§ DATA EXCERPT:
☆ ☆ ☆ ☆ ☆

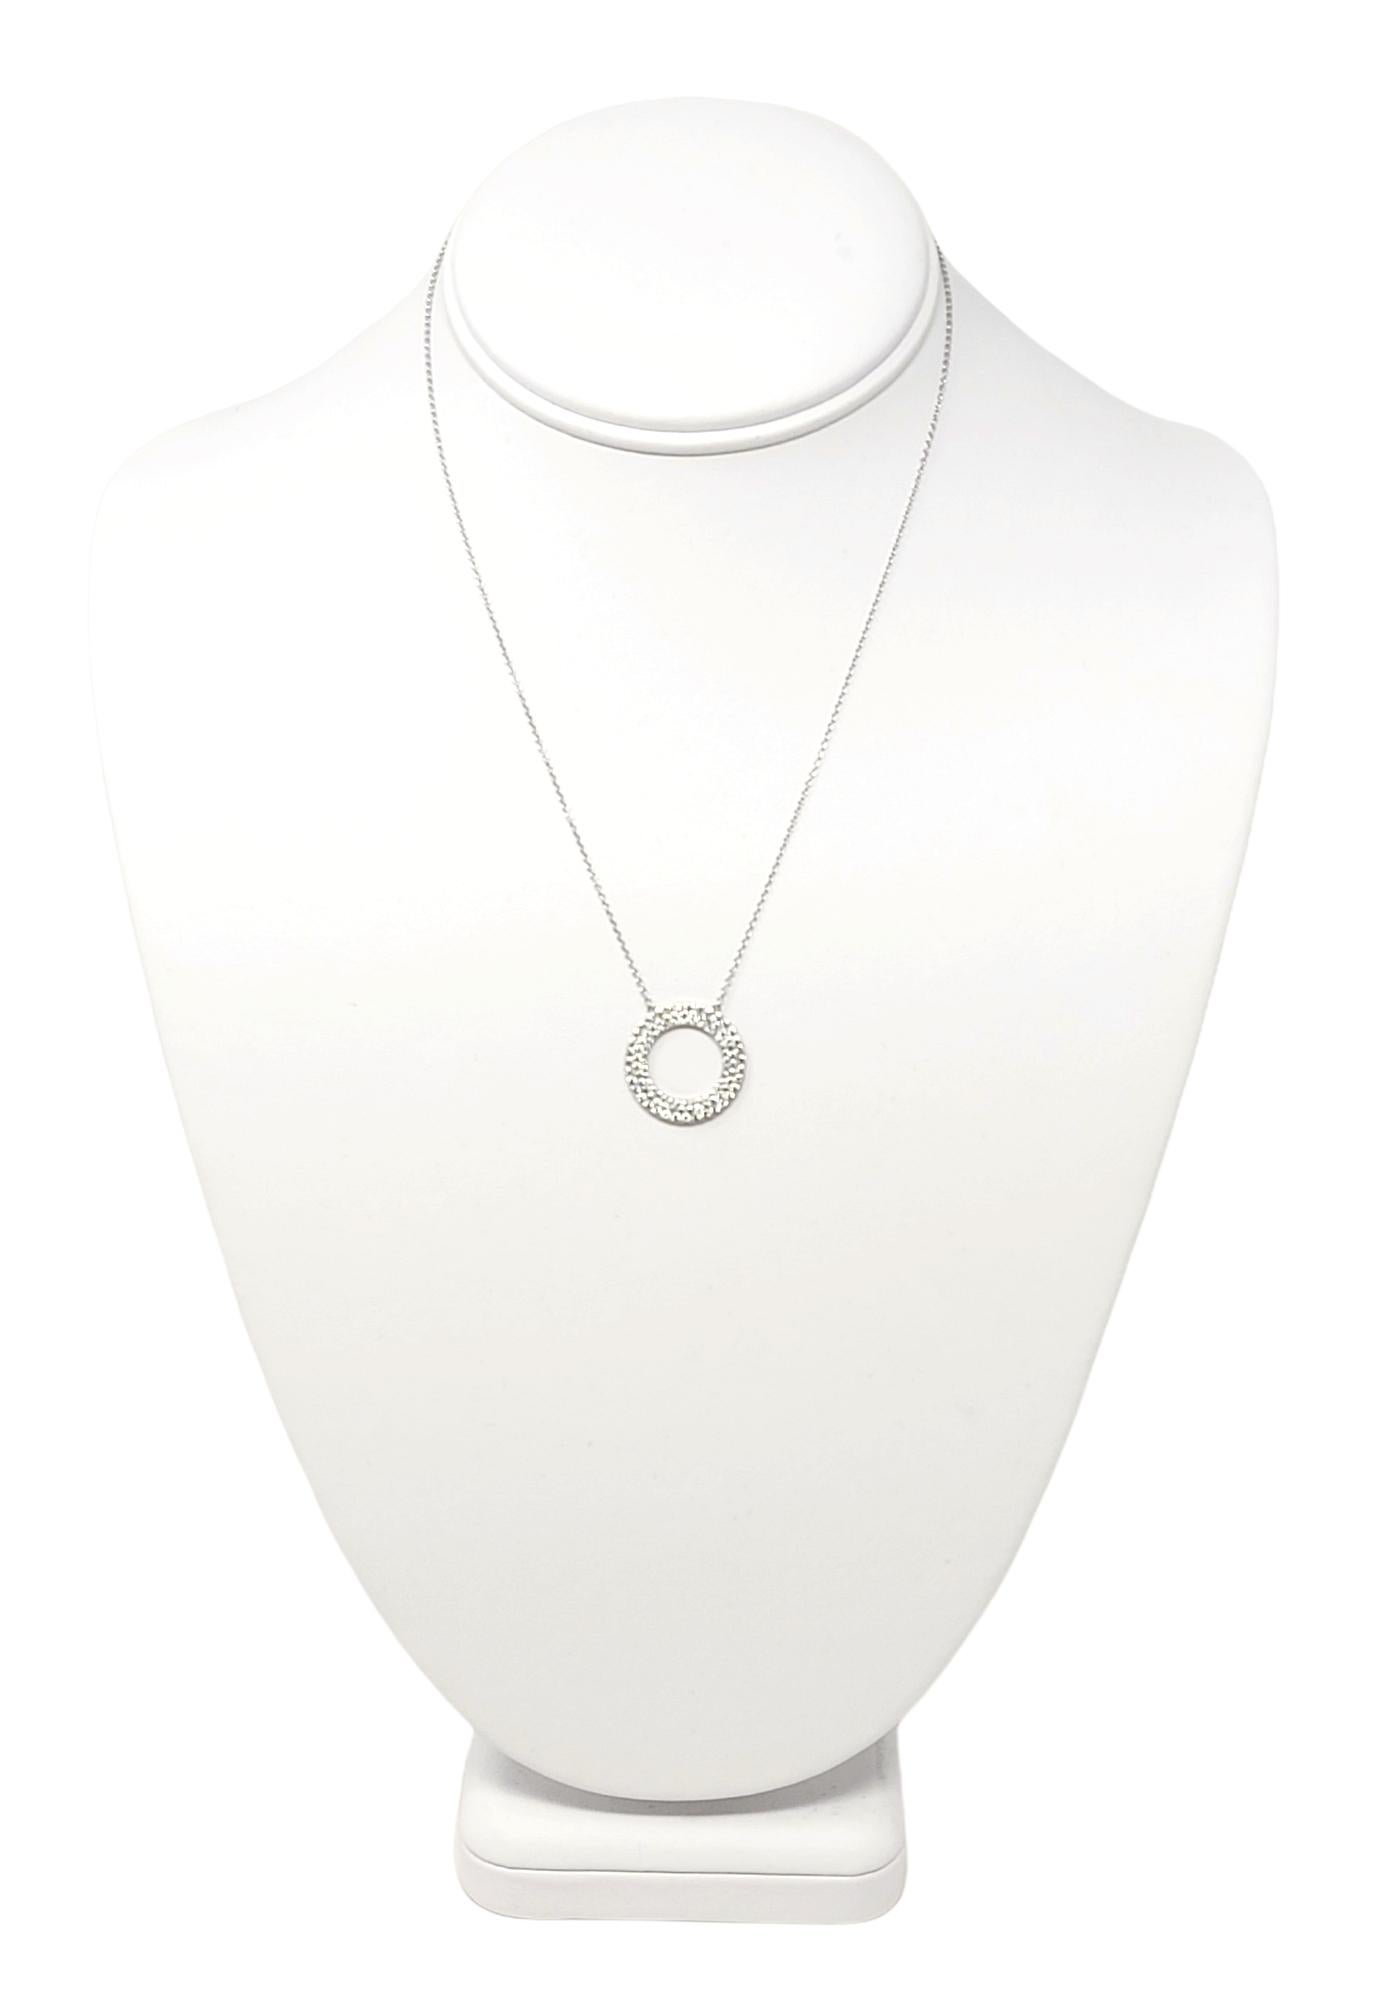 Round Cut Tiffany & Co Metro Three Row Diamond Circle Pendant Necklace 18 Karat White Gold
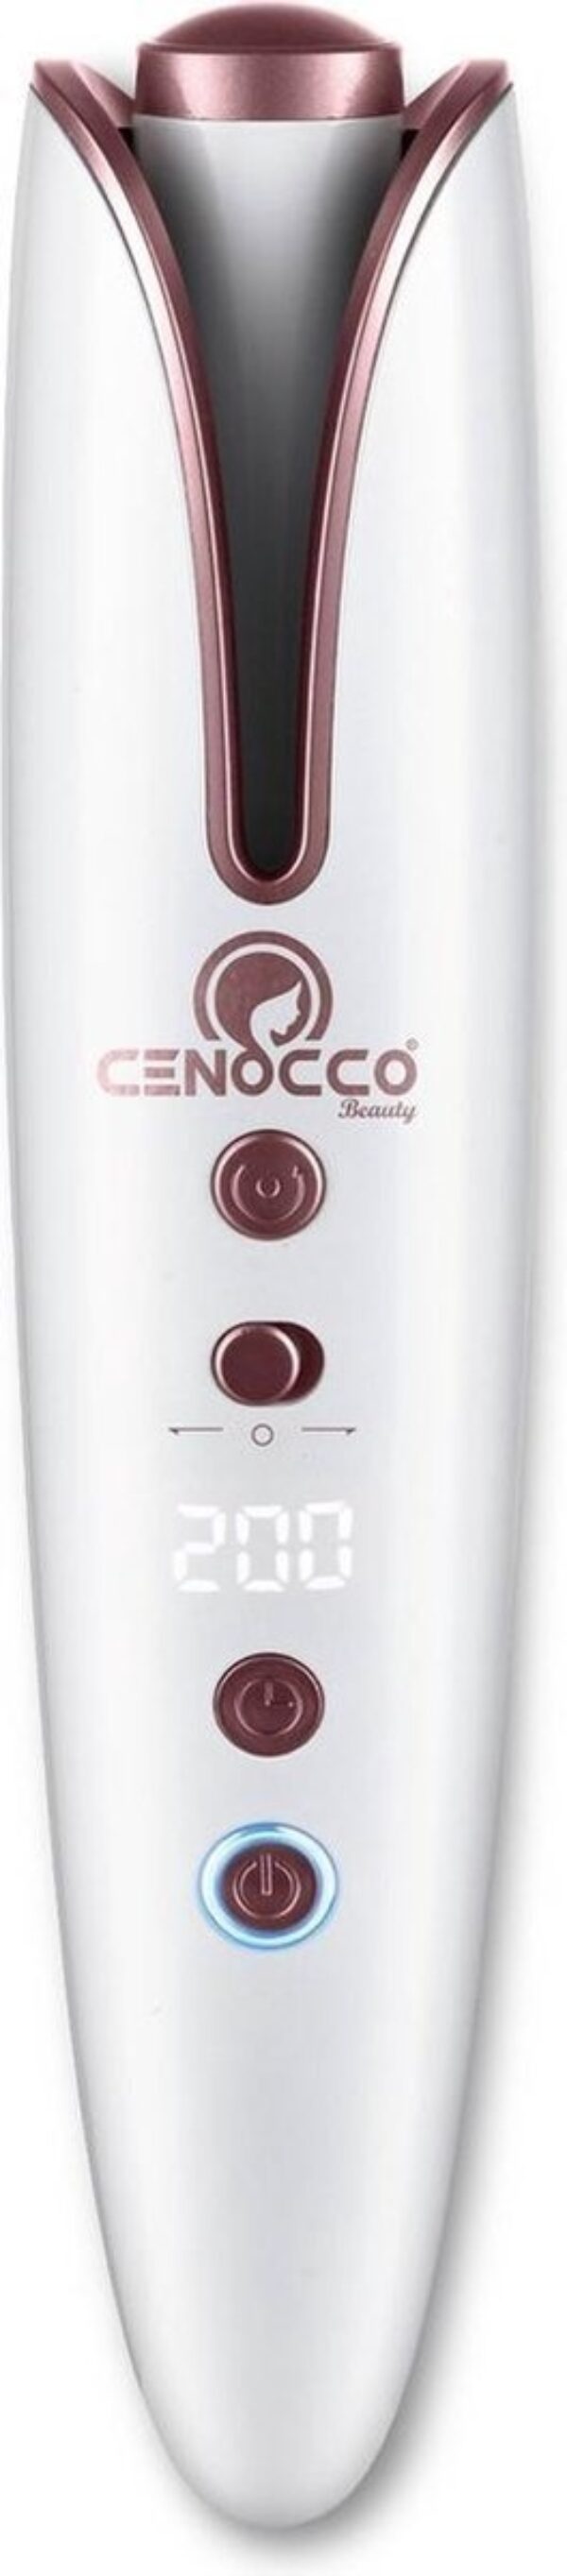 Cenocco Beauty Kabelloser wiederaufladbarer automatischer Lockenstab - CC-9094
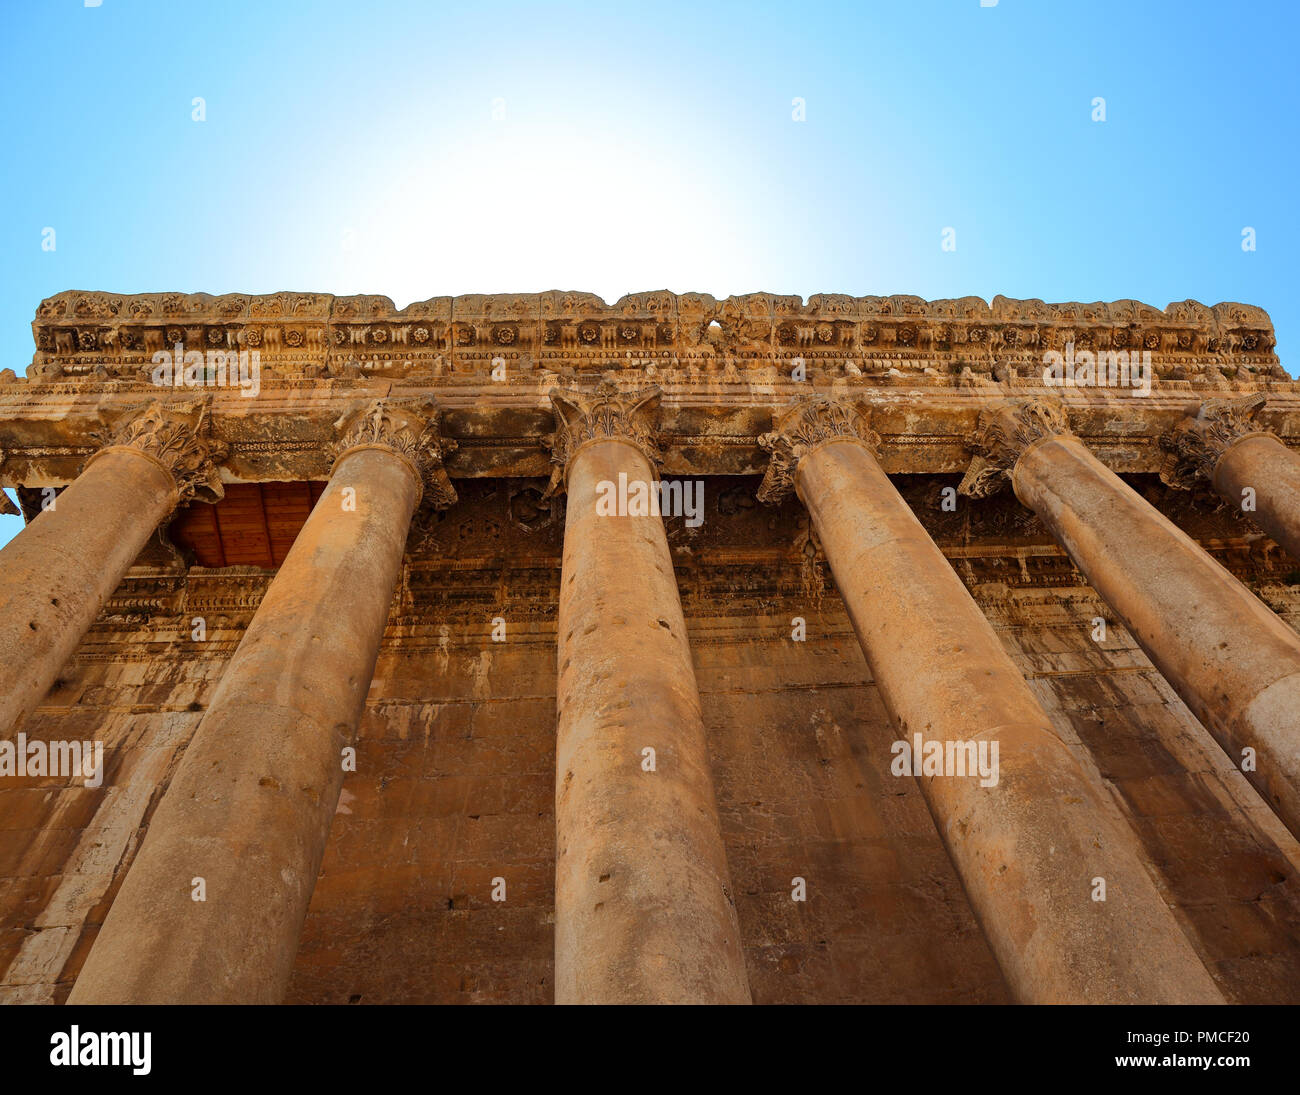 Ruines Romaines de Baalbek, au Liban Banque D'Images
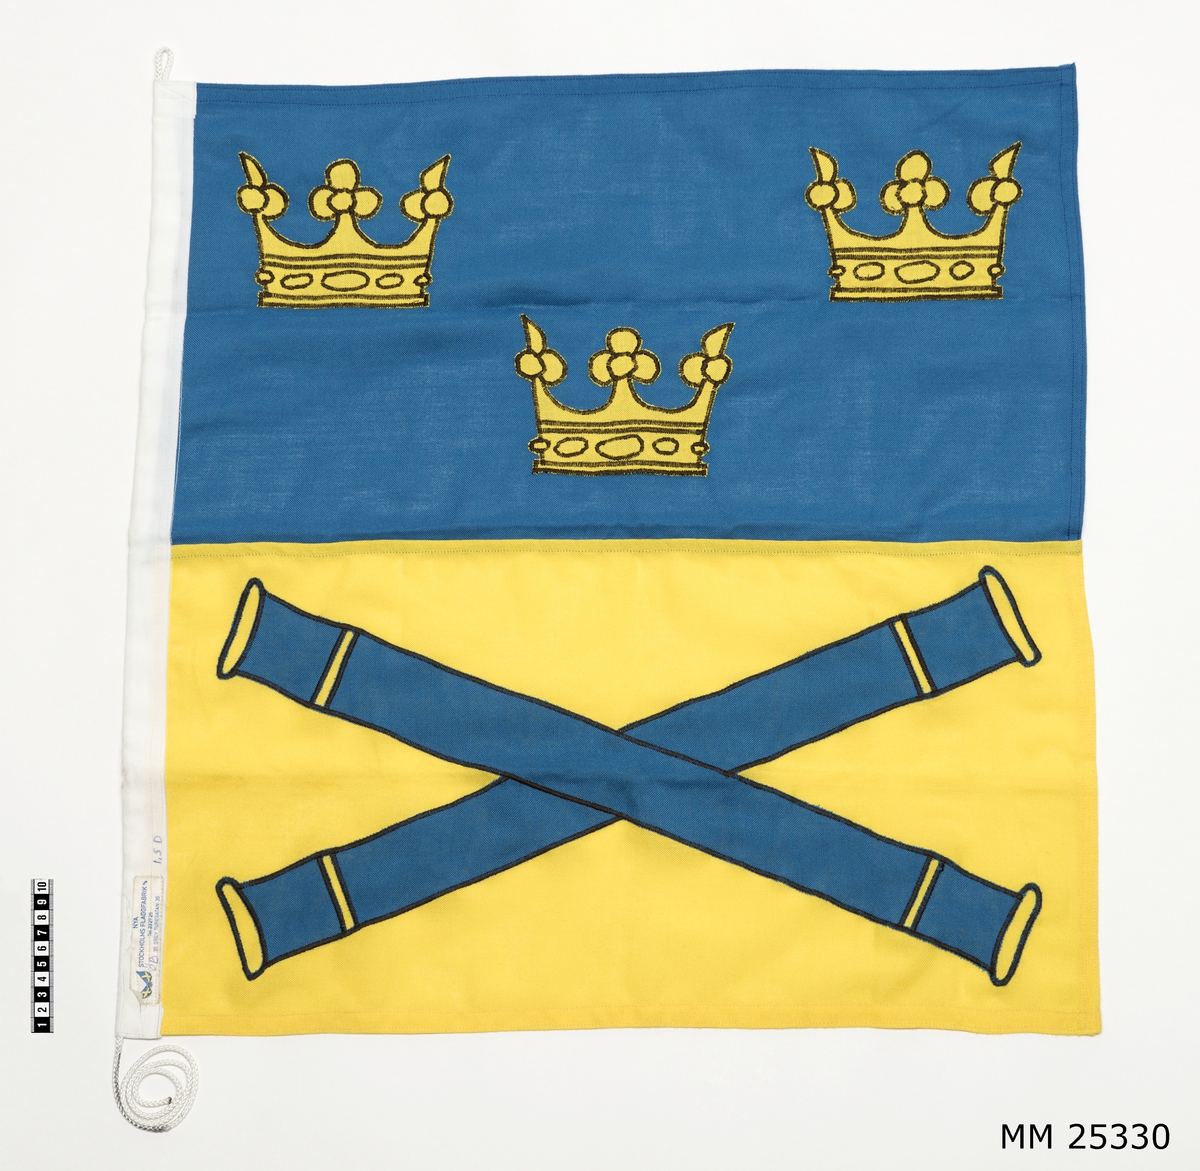 Befälstecken 1,5 dukars, Överbefälhavarens flagga. Flagga av bomull med vitt nylonlik samt vit nylonlina. Rektangulär flagga med två fält. Övre fältet blått med motiv av tre kronor i gult. Nedre fältet gult med två korslagda kanonrör i blått. Liket märkt med lapp: "Nya Stockholms flaggfabrik A/B Tel 232725, 35 Grev Turegatan 35". Samt märkt med penna "ÖB" samt "1,5 D".

☆ ☆ ☆ ☆ ☆

§ WHAT THE EXERCISE ASKS: From the first line to the last, retype the data exactly, but omit every image.

§ ANSWER BOX:
 Round Cut Tiffany & Co Metro Three Row Diamond Circle Pendant Necklace 18 Karat White Gold
 Cenocco Beauty Kabelloser wiederaufladbarer automatischer Lockenstab - CC-9094
 Ruines Romaines de Baalbek, au Liban Banque D'Images
 Befälstecken 1,5 dukars, Överbefälhavarens flagga. Flagga av bomull med vitt nylonlik samt vit nylonlina. Rektangulär flagga med två fält. Övre fältet blått med motiv av tre kronor i gult. Nedre fältet gult med två korslagda kanonrör i blått. Liket märkt med lapp: "Nya Stockholms flaggfabrik A/B Tel 232725, 35 Grev Turegatan 35". Samt märkt med penna "ÖB" samt "1,5 D".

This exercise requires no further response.